THE father of disabled Newtown girl Kaylea Titford has been found guilty of her gross negligence manslaughter at Mold Crown Court.
A jury of eight men and four women returned an unanimous verdict finding Alun Titford, 45 and of Colwyn, Newtown, guilty of manslaughter at 2.14pm at Mold Crown Court on Tuesday, February 7.
Titford, who faced a three-week trial, had denied the charge and also a second alternative charge of causing or allowing the death of a child.
However, a jury agreed that his self-admitted ‘lazy behaviour’ in not caring for Kaylea, 16, amounted to a criminal act.
His partner and Kaylea’s mother Sarah Lloyd-Jones had already pleaded guilty to manslaughter by gross negligence in December 2022.
READ MORE: 'Independent' Kaylea Titford died in squalor at her parents' Newtown home
Both will be sentenced at Swansea Crown Court on March 1.
Mr Justice Griffiths said: “There can be no doubt this case passes the custody threshold.”

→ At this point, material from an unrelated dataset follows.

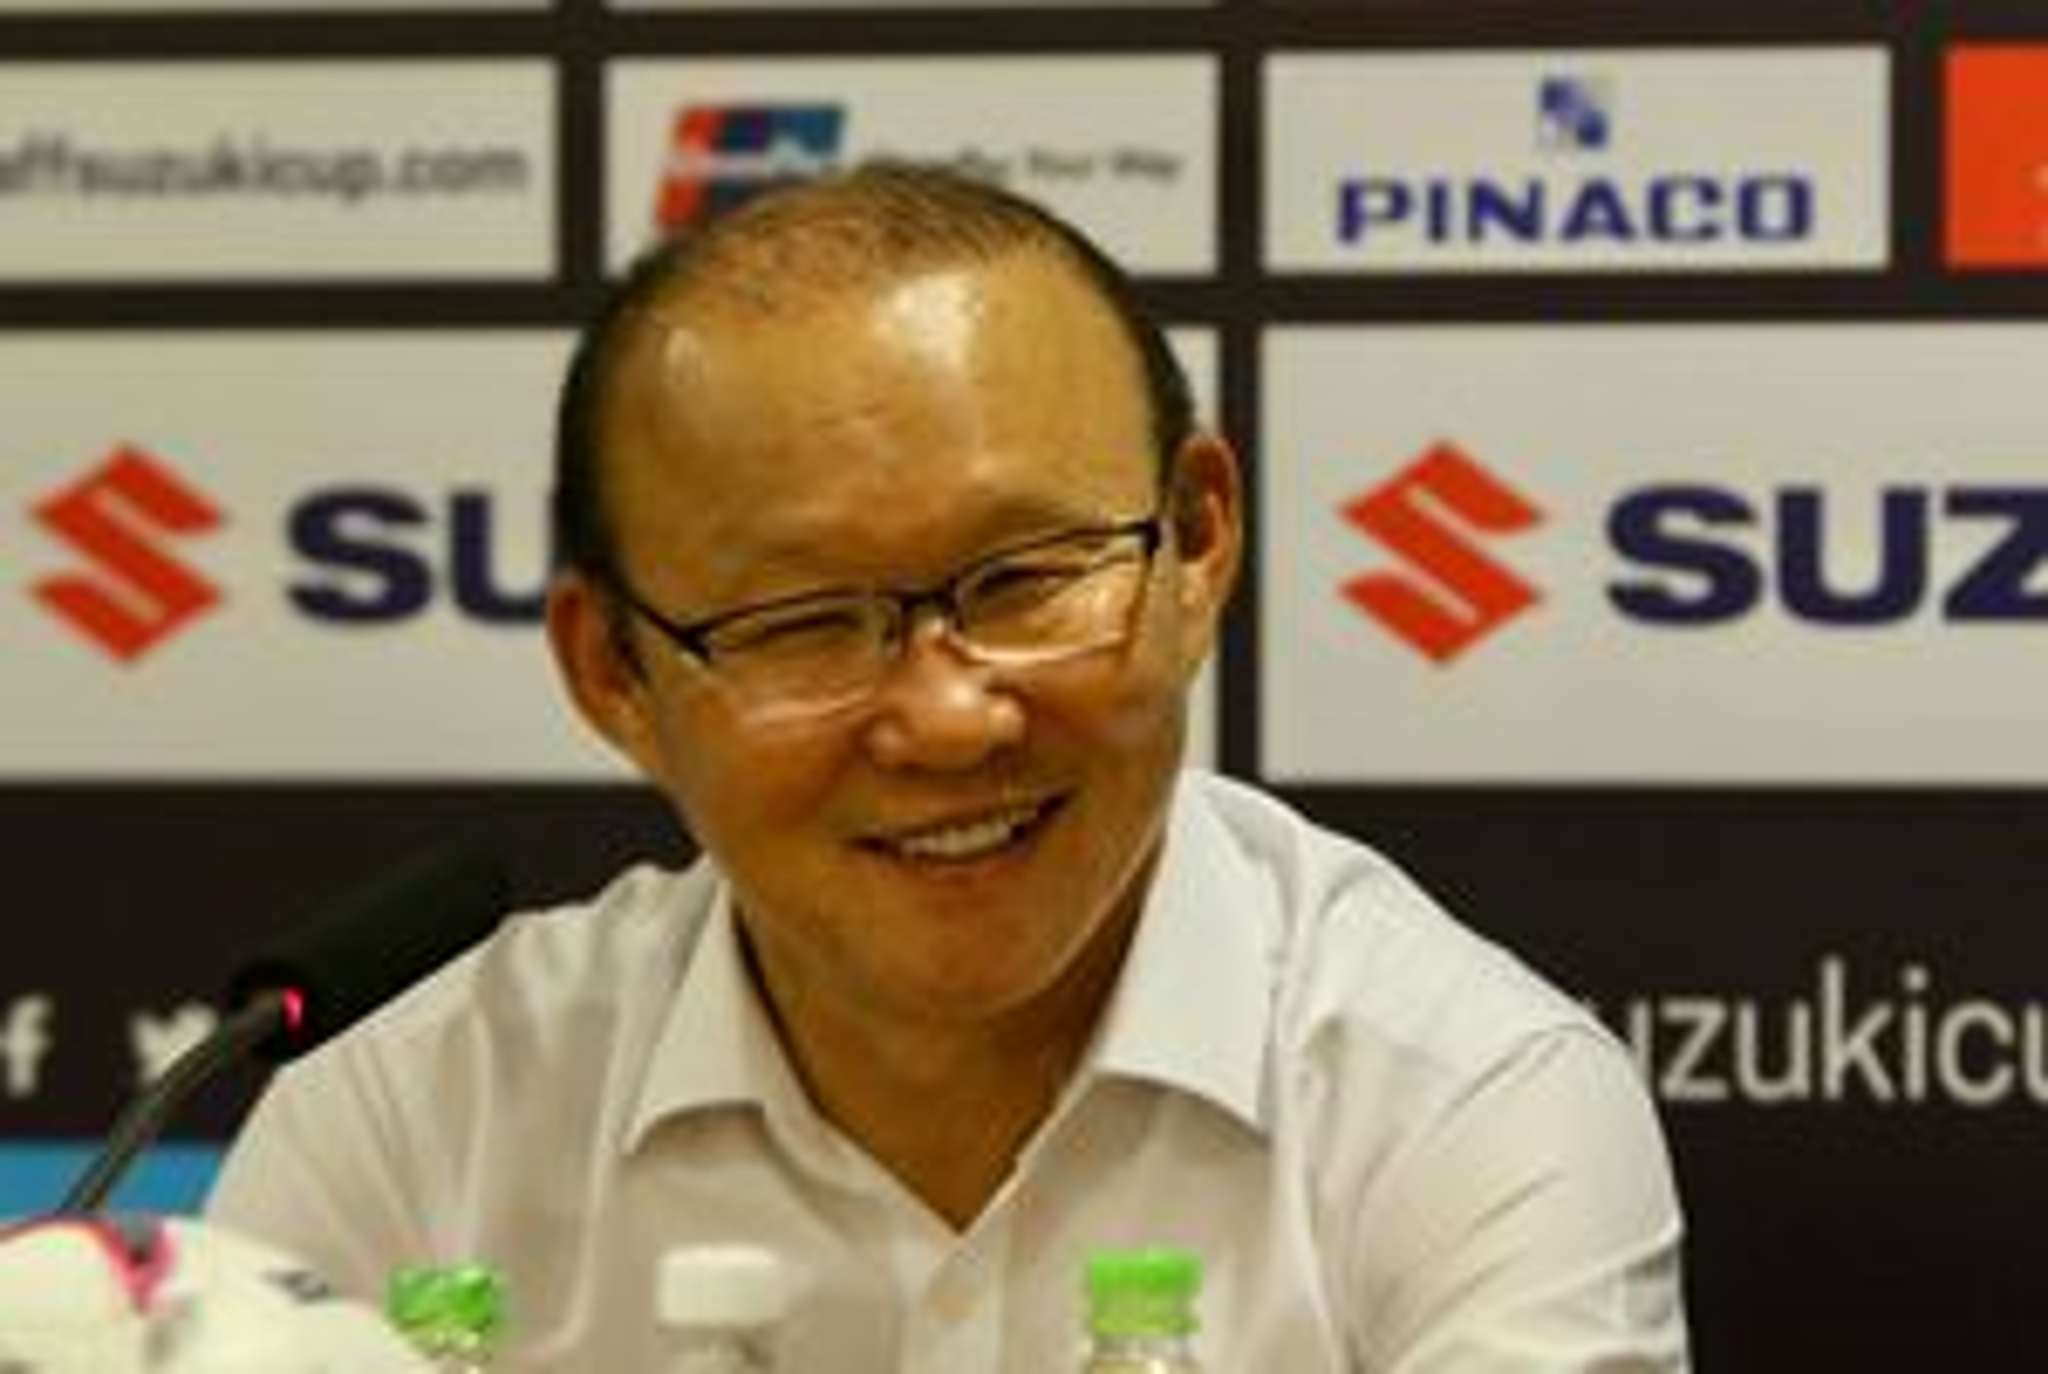 HLV Park Hang-seo tiết lộ bí quyết thắng Philippines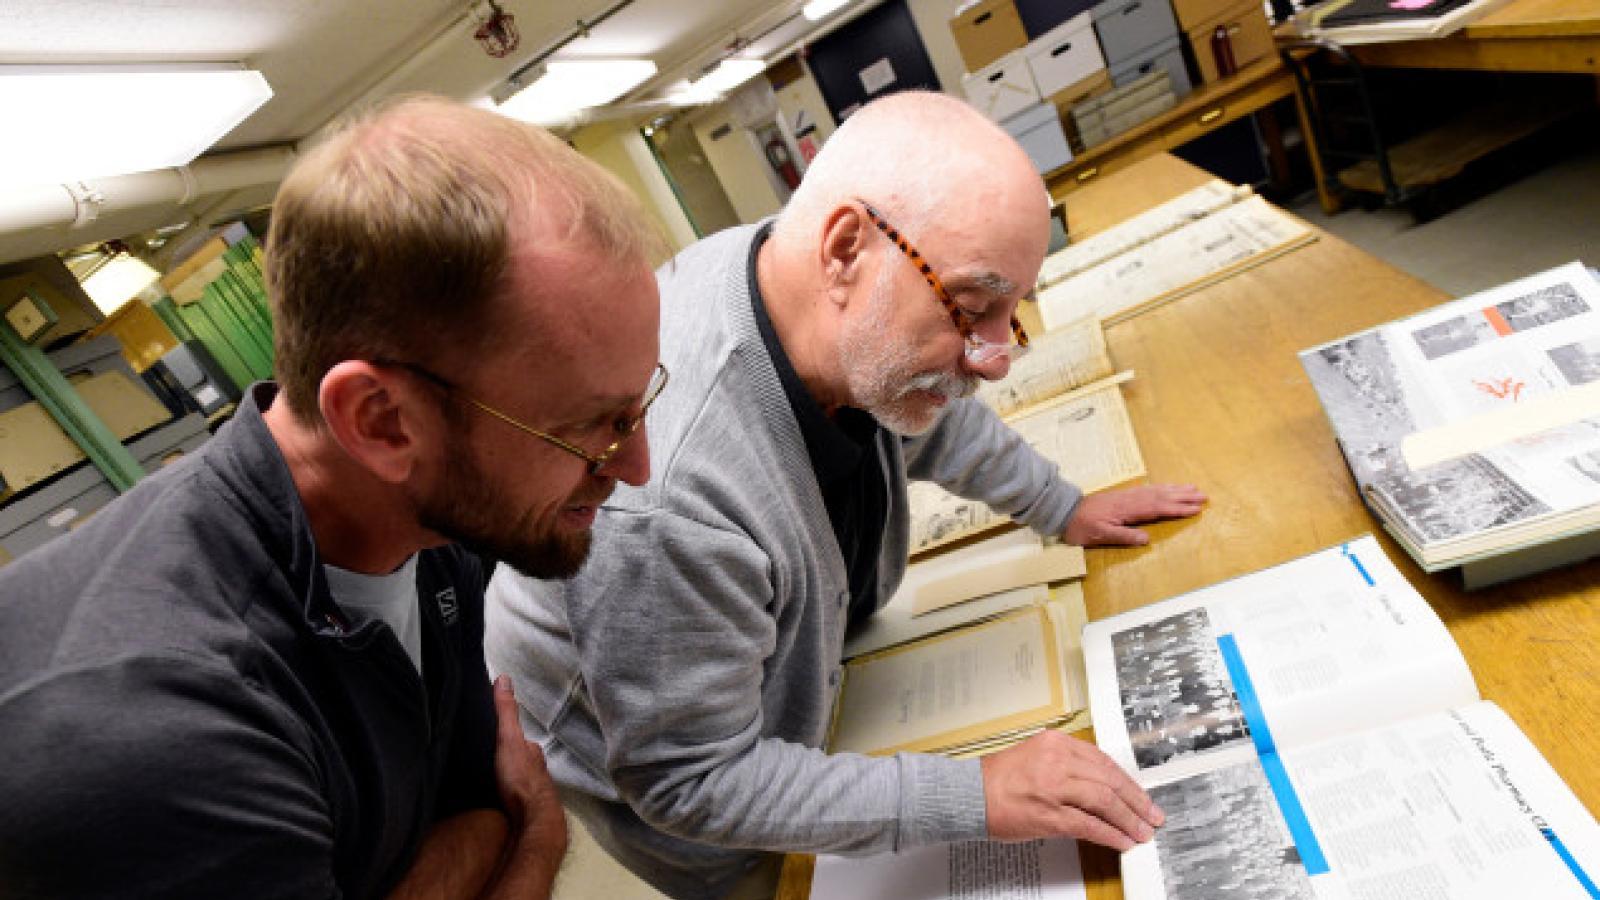 Adam Lisbon and David Hays. Photo taken by Boulder Daily Camera

The judge told jurors he would give them a 10-year exemption from jury service, saying there had been a “lot of difficult and a lot of expert evidence”.
He added: “The subject matter was, no doubt, unusually distressing.”
Titford was released on bail ahead of his sentencing hearing next month.
The judge told jurors they would be able to contact support services, including Samaritans, following the trial.
Asked during his evidence why he had let his daughter down so badly, the removals worker said: “I’m lazy.”
The court heard that Kaylea, who had spina bifida and used a wheelchair, died after suffering inflammation and infection from ulceration, arising from obesity and immobility.
Emergency service workers, who were called to the house after she was found on October 10, described feeling sick due to a “rotting” smell in her room.
Following her death maggots were found which were thought to have been feeding on her body, the jury was told.
The court heard that her bedsheets were soiled and she was lying on a number of puppy toilet training pads.
Her room was said to be dirty and cluttered, with bottles of urine and a chip fryer with drips of fat down the side, as well as a full cake in a box.
The court heard that Kaylea had attended Newtown High School, where she was described as “funny and chatty” by staff, but did not return following the coronavirus lockdown in March 2020.
Titford, who had six children with Lloyd-Jones, said the family would order takeaways four or five nights a week and he thought Kaylea had put on two or three stone since March.
The prosecution alleged that Kaylea had not used her wheelchair, which became too small for her, since the start of lockdown.
Caroline Rees KC, prosecuting, asked Titford: “She hadn’t been out of bed, had she?”
But he claimed he had seen her in the kitchen of the house in her wheelchair during that period, despite telling police in interview that he had not seen her out of bed.
The court heard that Kaylea had been discharged from physiotherapy and dietetics services in the years before her death and had last been seen by a social worker at home in 2017.
Titford claimed Lloyd-Jones, who was a community care worker, was responsible for looking after Kaylea.
He said he used to take her to medical appointments and care for her but stepped back when she reached puberty as he was not “comfortable”.
In cross-examination he accepted he was as much to blame for Kaylea’s death as her mother.